+++ Information shown +++

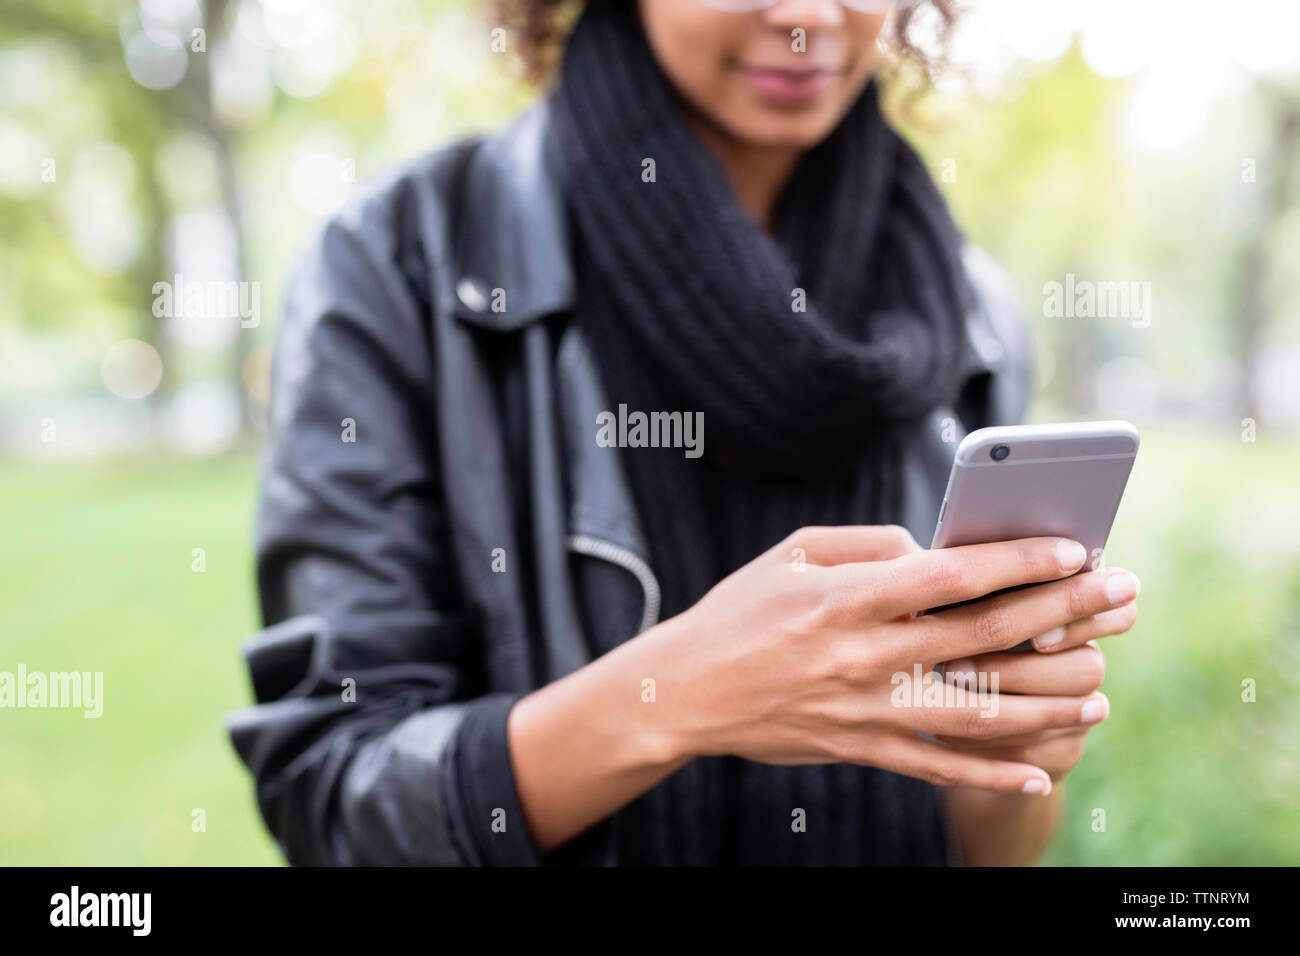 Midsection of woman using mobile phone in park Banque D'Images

+++
+++ Information shown +++

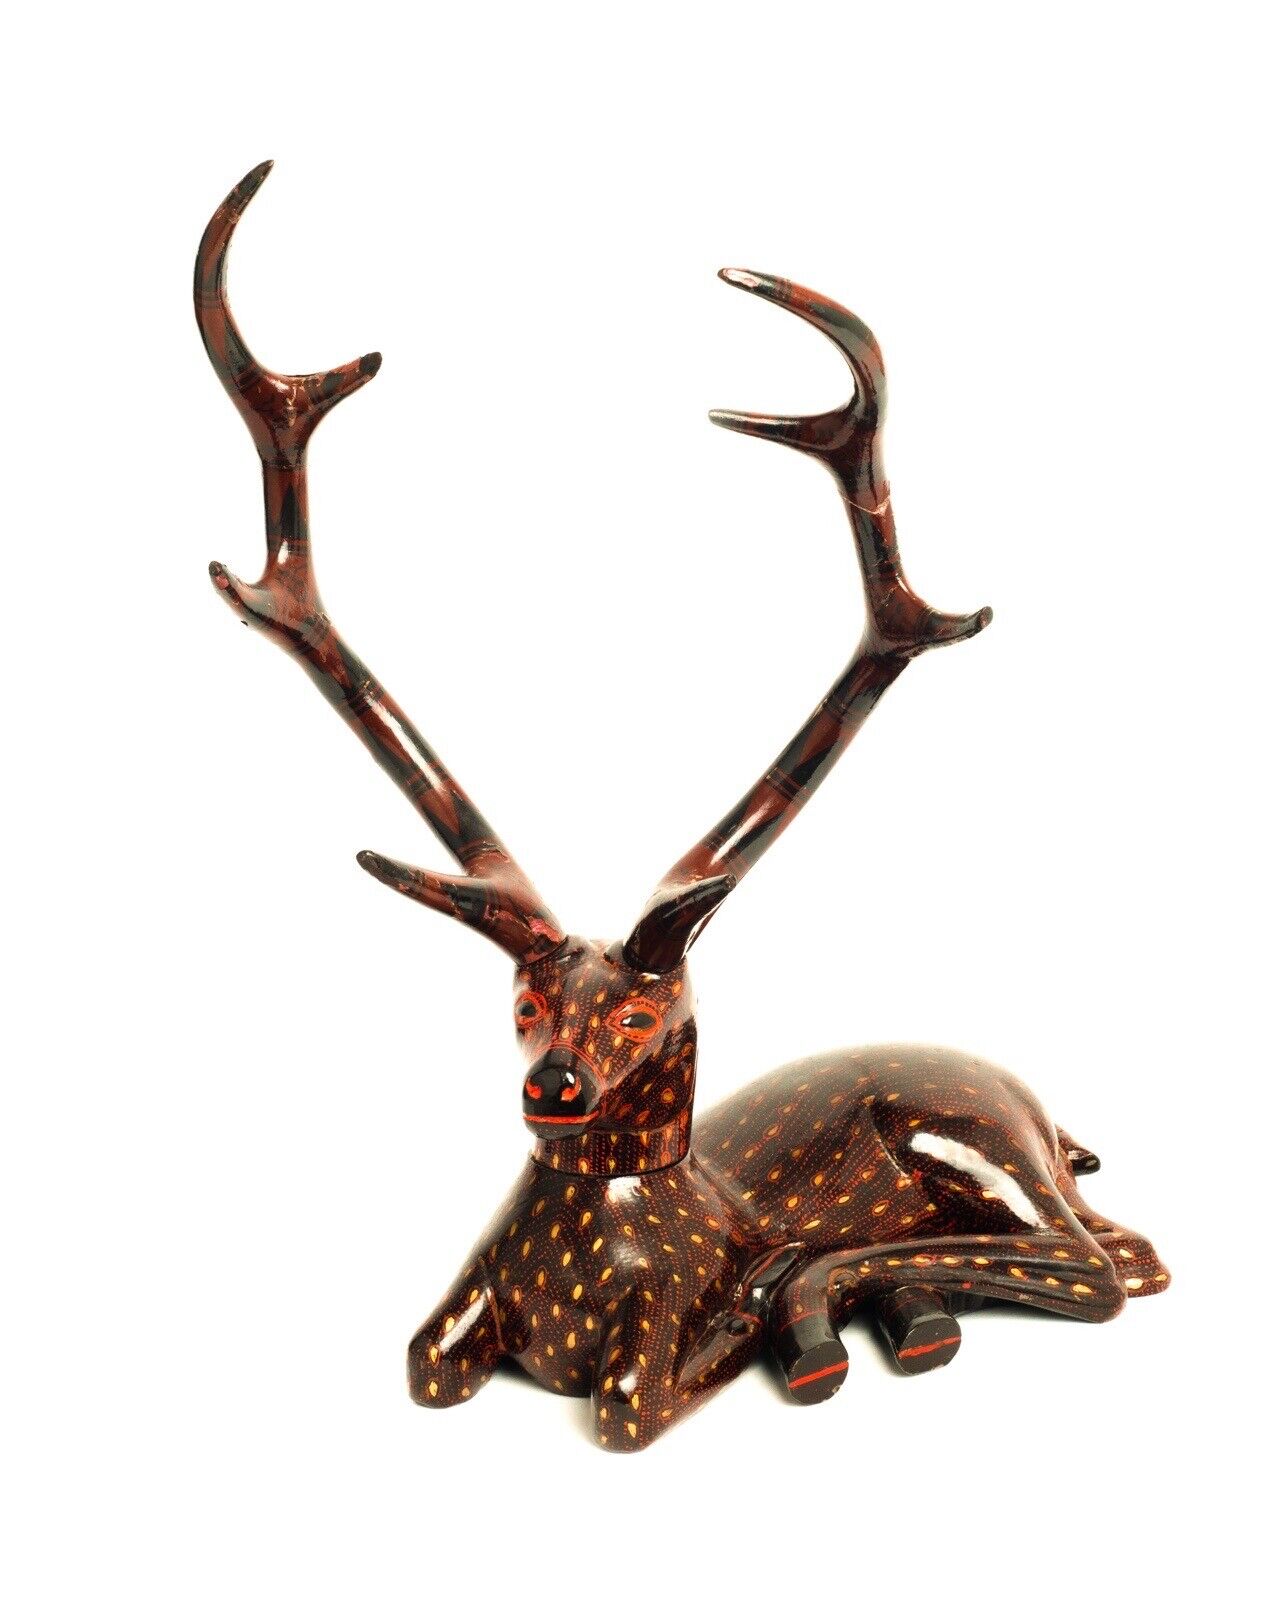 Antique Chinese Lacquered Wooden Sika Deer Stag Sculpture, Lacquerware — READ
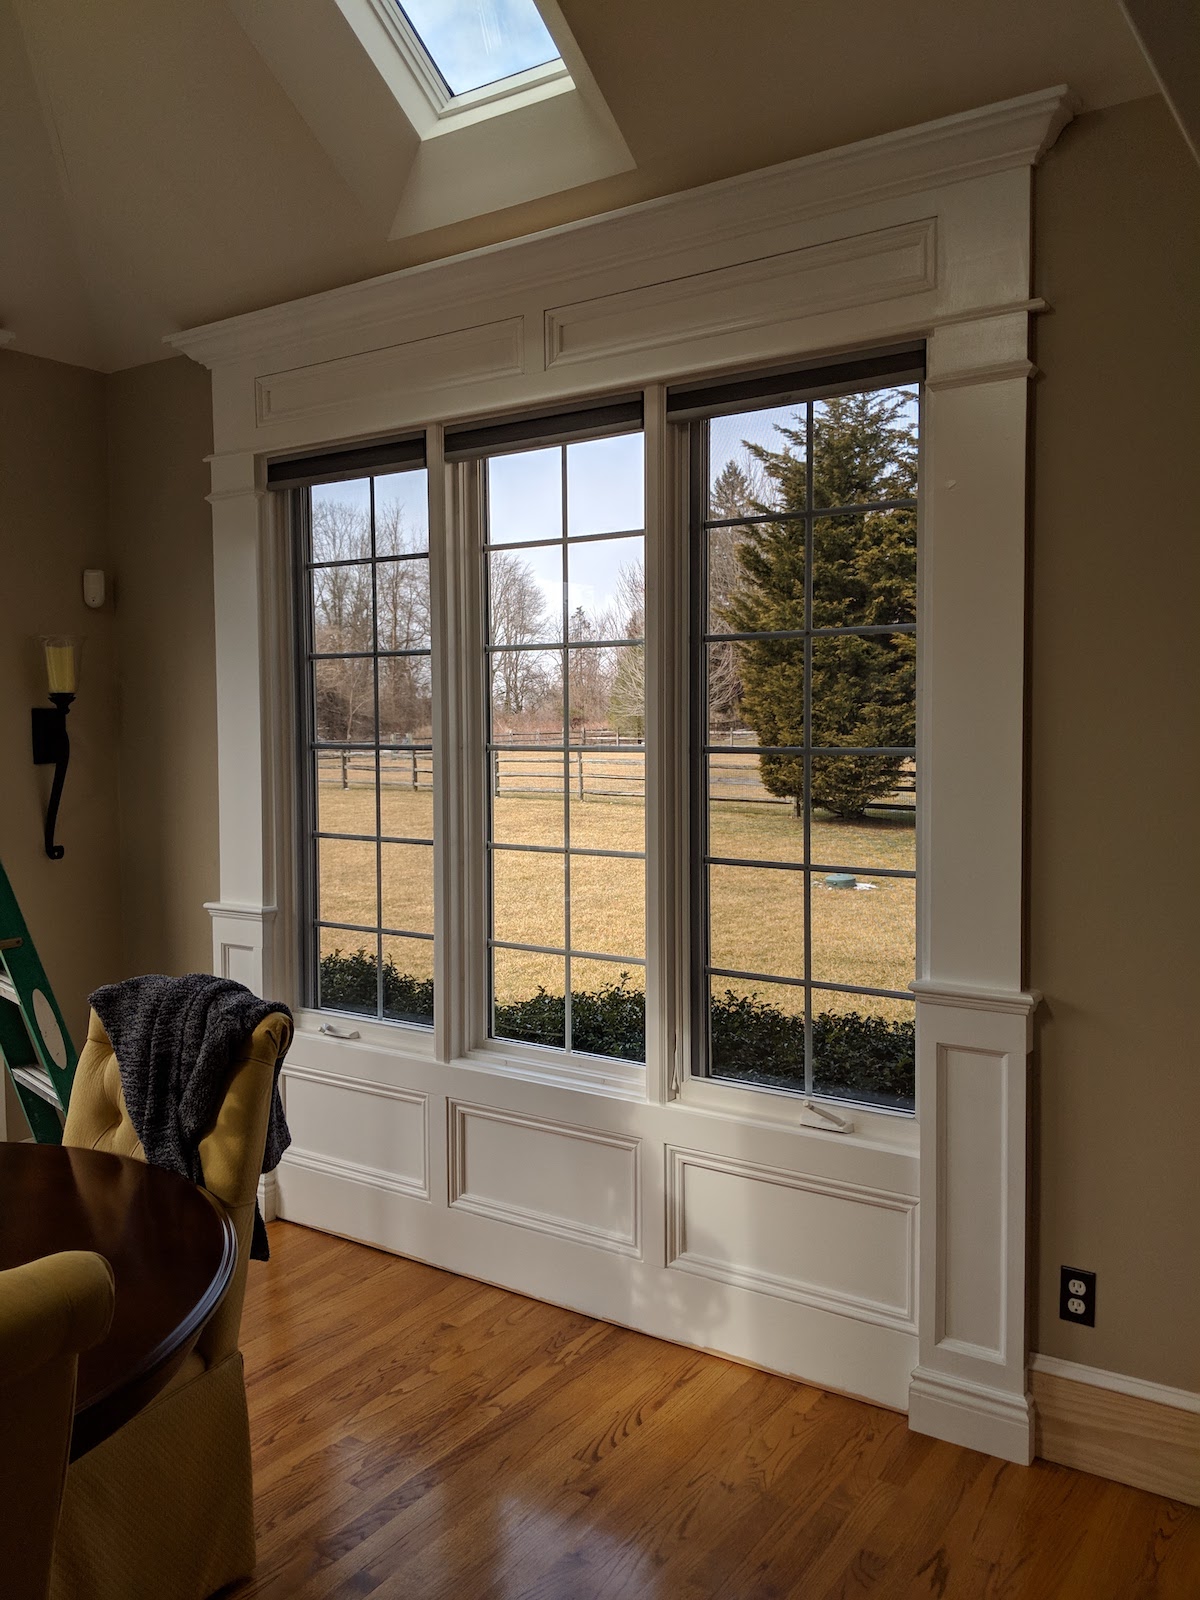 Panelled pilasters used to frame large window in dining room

+++

Exercise brief: Could the stretch from the line with "Antique Chinese Lacquered" through the line with "Panelled pilasters used" in the listing above be restated word for word, minus the pictures?

Solution:
 Antique Chinese Lacquered Wooden Sika Deer Stag Sculpture, Lacquerware — READ
 Panelled pilasters used to frame large window in dining room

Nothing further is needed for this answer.